A startup, que nasceu como marketplace de mobilidade urbana e se tornou também uma plataforma de viagens integradas no final de 2020, teve que adaptar seu conceito no começo da pandemia para se manter ativa. Segundo Jordana, o perfil dos usuários mudou. “Naquele momento passamos a fazer com que os colaboradores das empresas de serviços essenciais chegassem em segurança ao trabalho”, conta. “As empresas olhavam mais para a segurança do que para o custo dessa mobilidade.”

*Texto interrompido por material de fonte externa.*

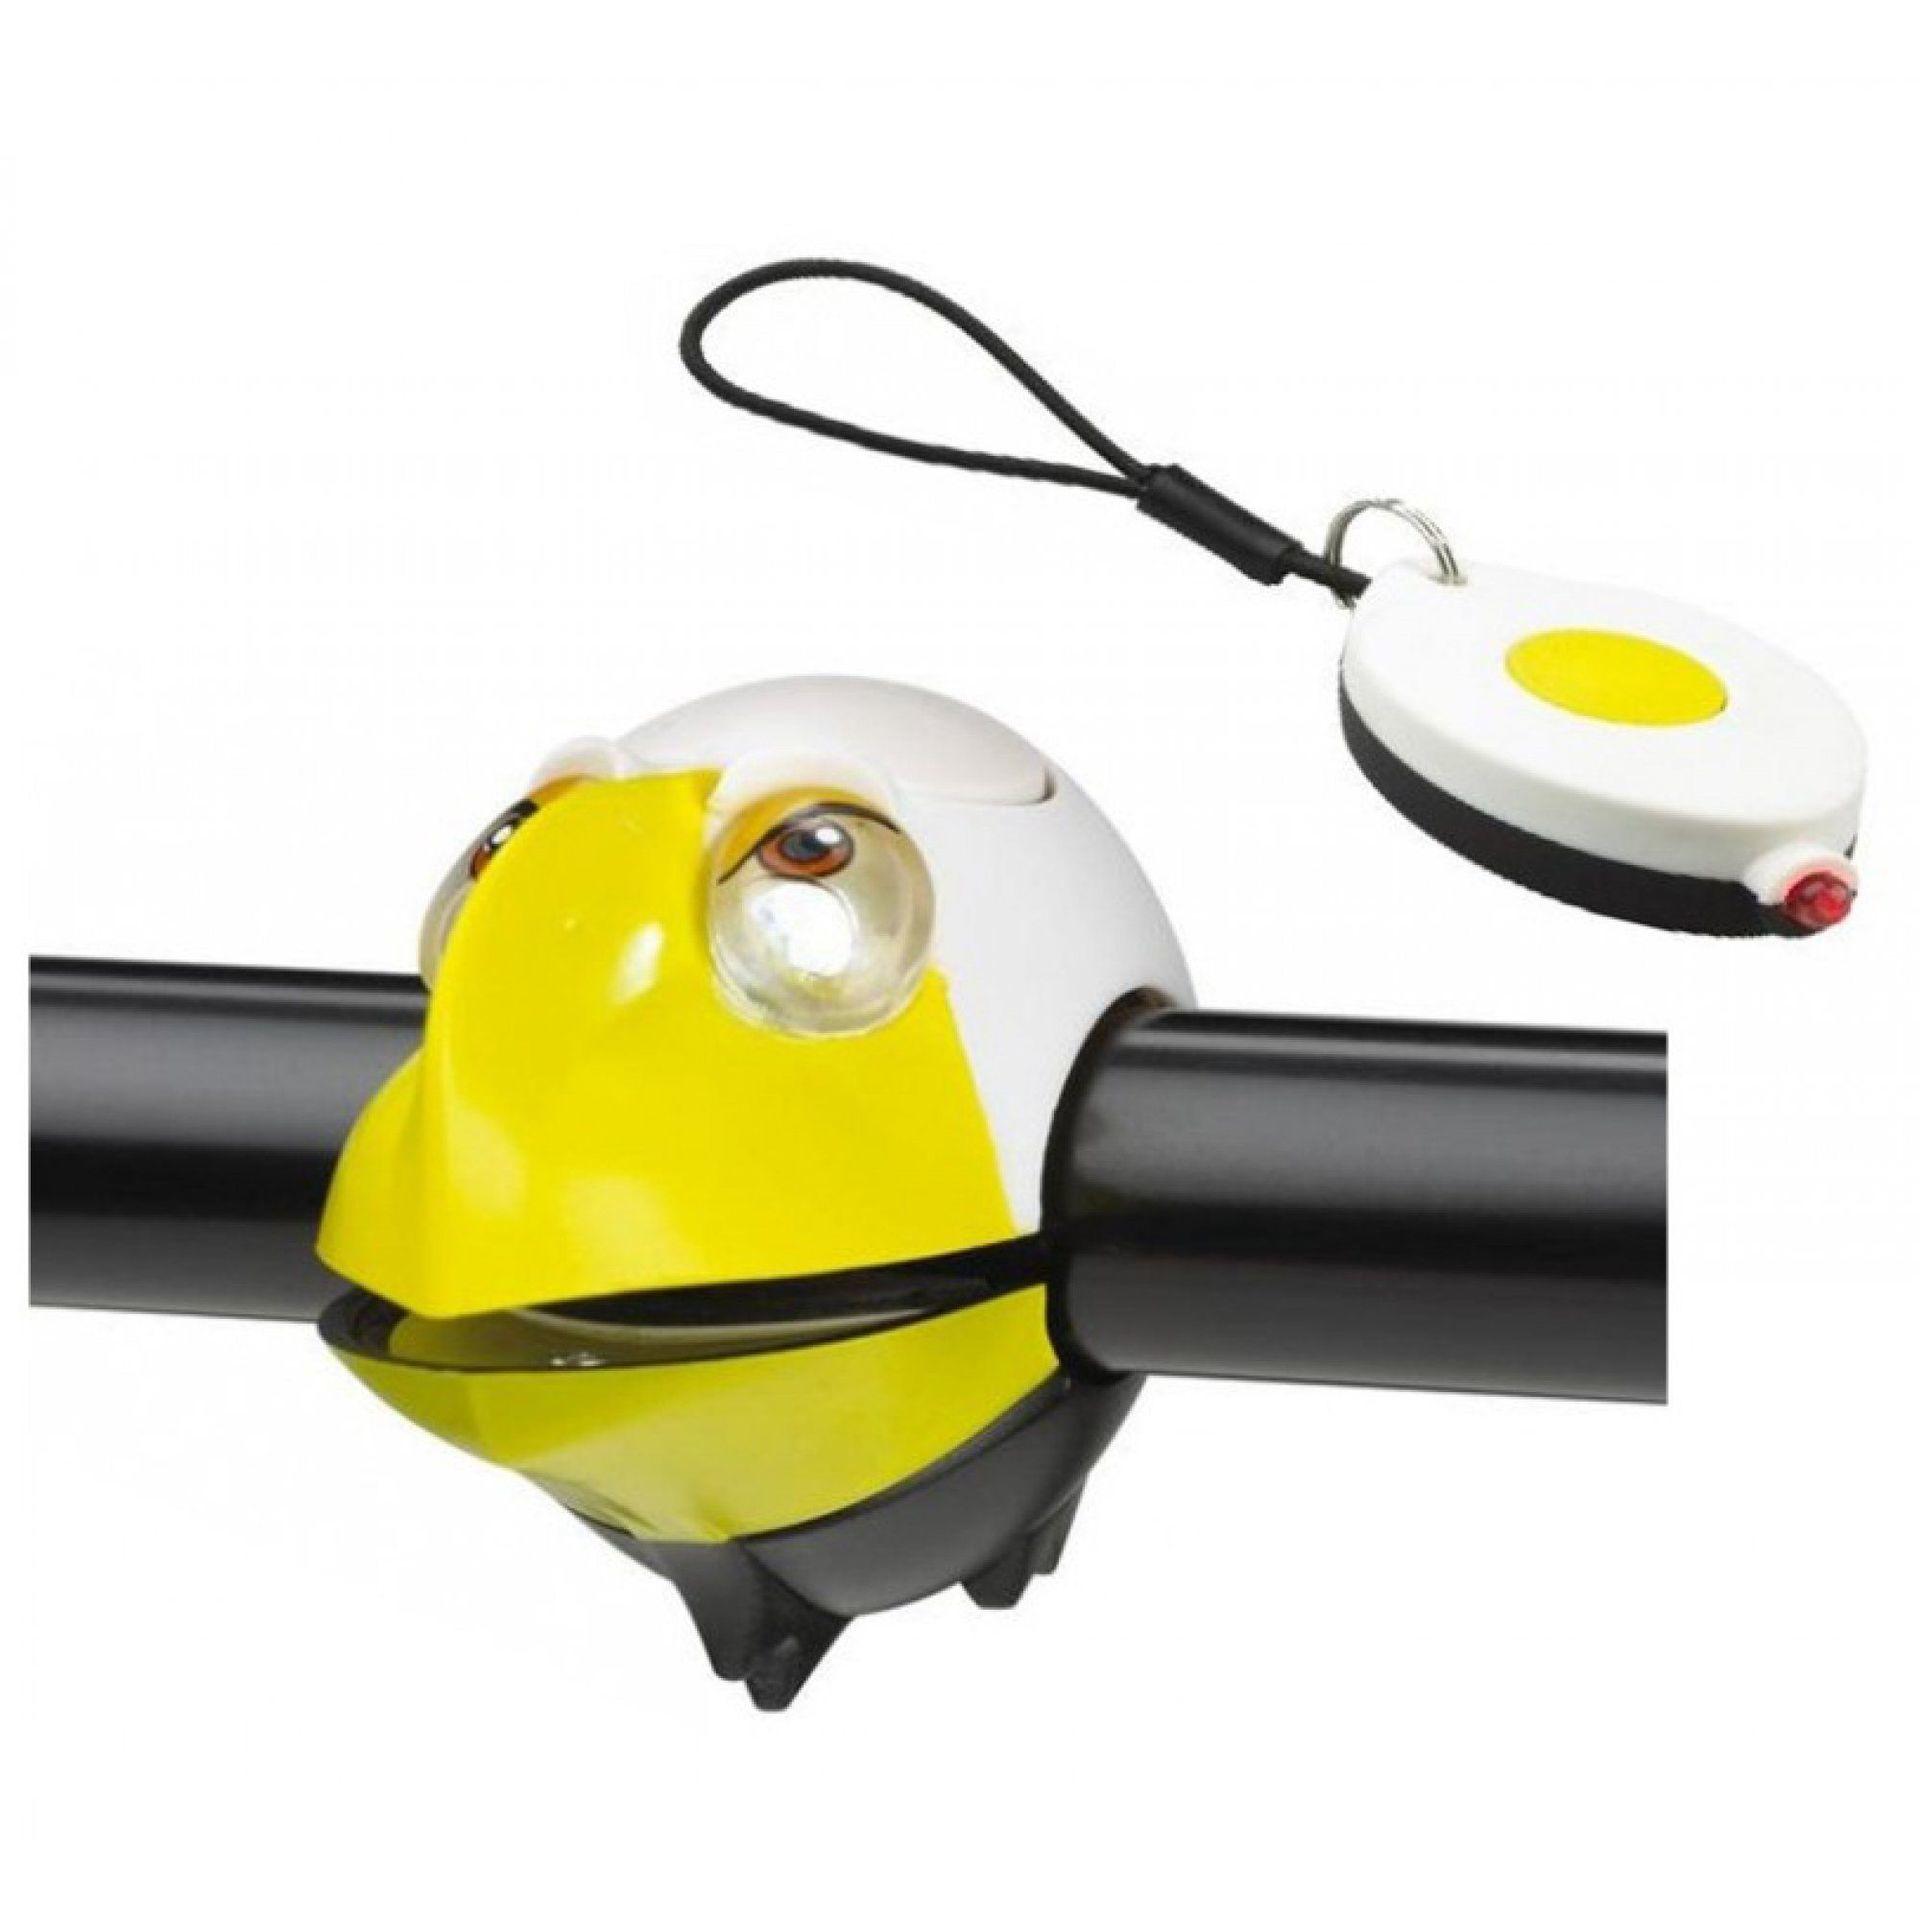 ZESTAW LAMPEK ROWEROWYCH CRAZY SAFETY EAGLE

Enquanto oferecia a solução para clientes como Pepsico e Arcos Dourados, a startup recebeu um aporte para acelerar sua plataforma de viagens corporativas. O sistema oferece soluções para transporte urbano e aluguel de carros com os principais aplicativos, cooperativas de táxi e locadoras de automóveis, passagens aéreas com companhias nacionais e internacionais, hospedagem com grandes e-commerces de hotelaria e até alimentação, por meio de aplicativos de delivery e retirada. Todos os serviços são elencados de acordo com a geolocalização do cliente, que pode comparar preços e benefícios.

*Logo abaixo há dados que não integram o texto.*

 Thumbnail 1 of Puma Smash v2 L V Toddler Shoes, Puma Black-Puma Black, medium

“O sistema é nosso e está tudo no celular. A tecnologia oferece toda a parte de gestão com confiabilidade de dados e inteligência artificial de cruzamento desses dados para garantir o melhor custo e logística”, afirma a executiva. “Sai do conceito tradicional de que a viagem corporativa começa só no aeroporto para o conceito de end to end, que olha para toda a jornada do colaborador.” Com a novidade, a Voll triplicou de tamanho, mesmo em plena pandemia, e faturou R$ 200 milhões em 2021.
Modelo por assinatura
Outra startup especializada em gestão de viagens a trabalho, a Onfly nasceu em 2018 do desgosto dos próprios sócios, que colecionavam experiências ruins com o processo de reservas de viagens e lançamento de reembolsos nas empresas em que trabalharam anteriormente. “Era ineficiente, burocrático e gerava muita insatisfação para todos os envolvidos”, fala o CEO Marcelo Linhares, mencionando que uma das organizações inclusive passou por um problema de fraude, justamente por não ter gestão sobre os dados de viagens.
Quando chegou a pandemia, a receita da Onfly chegou a cair 99,7% da noite para o dia e eles tiveram que desligar todo o time, mantendo apenas quatro colaboradores de tecnologia. Segundo Linhares, foi preciso aprender a fazer mudanças rápidas para o momento em que o mercado voltaria a aquecer. “Como plataforma, é fundamental entregar uma tecnologia de ponta e uma experiência de uso muito superior para os colaboradores e gestores das empresas”, afirma. “Hoje existe uma diferença muito grande entre as empresas que vendem viagens a lazer na internet e as plataformas de viagens corporativas. As segundas historicamente nunca privilegiaram a experiência do usuário”, ele destaca.
O modelo de negócio, baseado em uma assinatura de software, sobreviveu graças ao senso de urgência das próprias empresas em digitalizar todos os processos para economizar. A startup saltou de R$ 7,5 milhões transacionados em 2020 para R$ 45 milhões em 2021 e tem a previsão de fechar este ano com R$ 160 milhões transacionados e 900 clientes. “Em março tivemos 8 vezes a receita do nosso melhor mês pré-pandemia”, comemora o empresário. “O que a gente tem visto agora são viagens com mais tempo no destino, sem aquela loucura de ir e voltar no mesmo dia, e viagens que realmente são mais necessárias. A pandemia fez muita empresa refletir e ver que existia muito desperdício com viagens. Elas agora são bem mais criteriosas com esses gastos.”
Além da solução tecnológica completa, ele acredita que o bom e velho atendimento com calor humano sempre vai ter espaço. “O que caiu em desuso são processos manuais e offline, como pedir cotação de passagem ou hotel por telefone ou e-mail e não ter os dados em tempo real para poder tomar decisões. Mas, independente da tecnologia, é muito importante ter um time de atendimento alinhado com as expectativas e dores dos clientes”, sublinha.